Despite this, and the fact that it is government policy to reduce electricity's dependence on gas to less than 50 per cent, the CER has approved the construction of CCGT stations at Whitegate and Aghada, with completion dates of May 2010 and October 2009 respectively. Moreover, last December, it directed Eirgrid to offer a grid connection to Sean Quinn for another CCGT station at Ballakelly, County Louth.

The idea that gas may be scarce and expensive in future does not appear to have been considered by either Gaslink or the CER. Construct Ireland asked for an interview with Aidan O'Sullivan, Gaslink's general manager, to get his views on the future availability of gas and the effect this might have on his company's investment decisions.
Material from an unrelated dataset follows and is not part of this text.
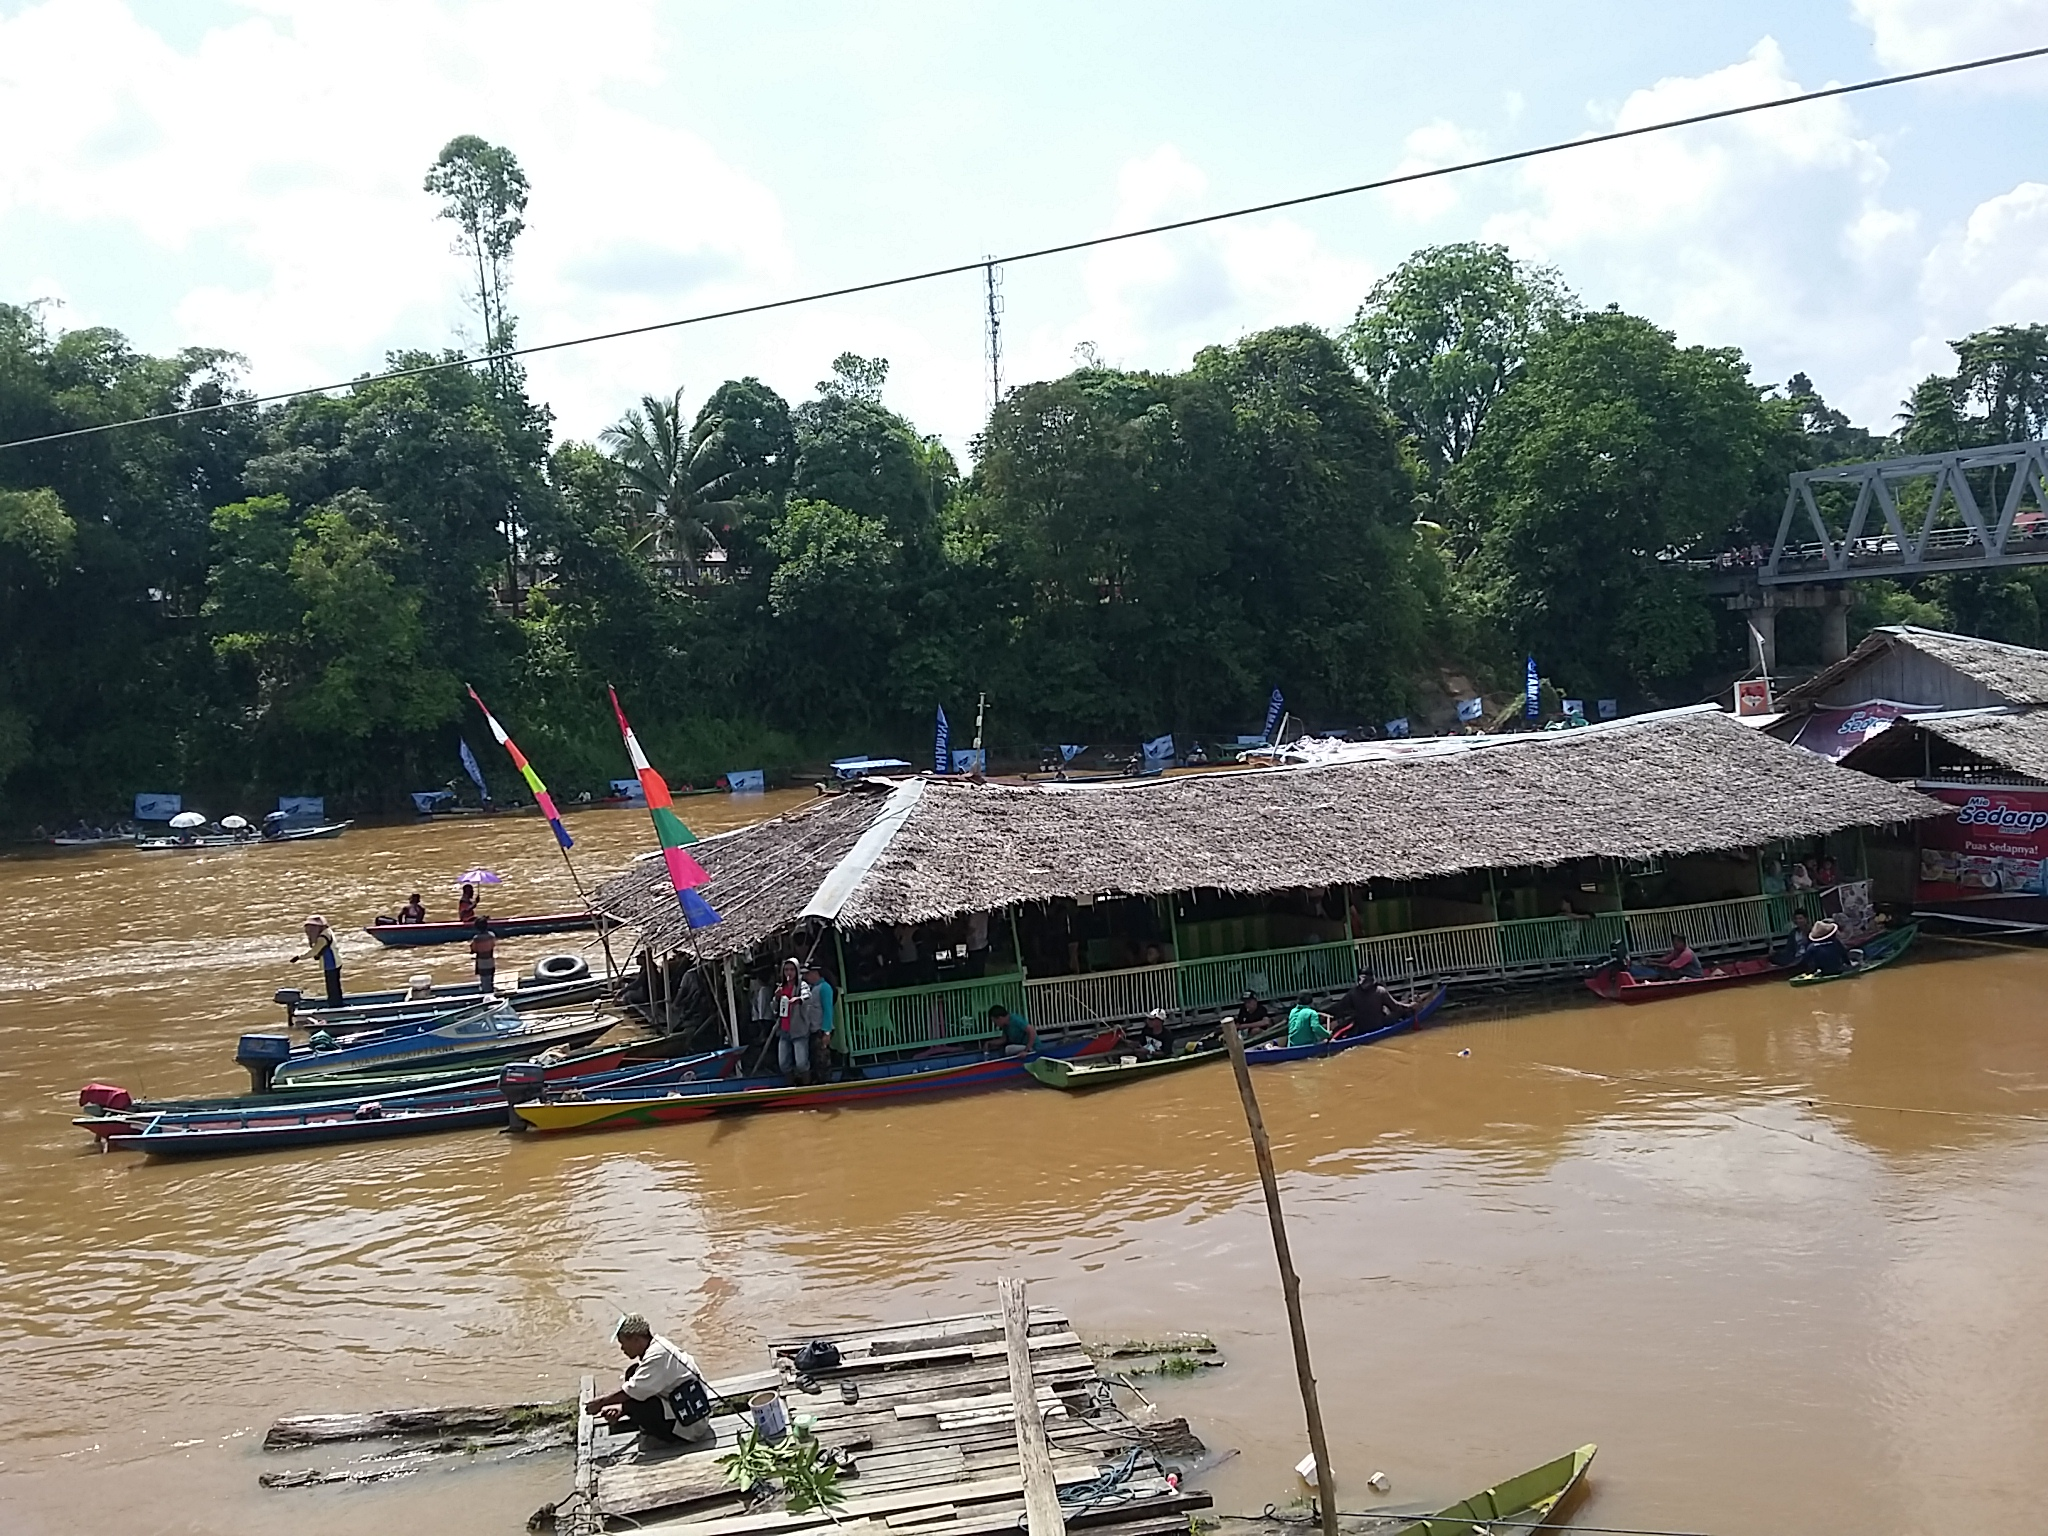 1368 PESERTA LOMBA MANCING MANIA HARI JADI KE-402 KOTA SANGGAU

We were told that he was unavailable and Gaslink’s PR company issued a statement instead. This maintained that the present situation was sound: “In terms of security of supply, Ireland is well positioned with secure physical interconnection and contractual arrangements in place with the UK gas market. The UK has access to highly diverse sources of supply though its own indigenous production, Norwegian imports, physical interconnection with mainland Europe and access to worldwide markets through LNG facilities.”

Although the CER says its mission “in a world where energy supply and prices are highly volatile ... is to ensure that the lights stay on [and] the gas continues to flow” it sees no problems ahead either. Its annual Gas Capacity Statement (GCS), issued this July, looks forward 20 years and states “Overall, the longer term prospects for security of supply appear to be relatively positive, particularly compared to previous years.” It does not mention the price at which gas might be available during this period.

As a result, it projects gas demand rising over the next seven years on a business-as-usual basis and assumes that this demand can be met. This cornucopian supply assumption means that the CER has no reason to refuse Gaslink consent for the continued expansion of the grid, or Sean Quinn and others for power stations which increase Irish gas use. Yet the only basis on which either type of consent makes sense is if there is far more gas off the Irish coast than we've been led to believe, a possibility the GCS mentions but says is not taken into account in its projections.

We all know that today's problems in the construction industry and the banking sector arose because the financial regulator failed to call a timely halt to the expansion of property-based lending. The energy regulator is making the same mistake in failing to call a halt to the expanding use of gas and the consequences could be equally serious. Indeed, people could die. The only person capable of freeing Gaslink and the CER from their expansion-as-usual thinking is the minister himself. Eamon Ryan organised meetings to discuss peak oil long before the idea became popular. It's now time for him to start talking to the state bodies for which he's responsible about peak gas, too.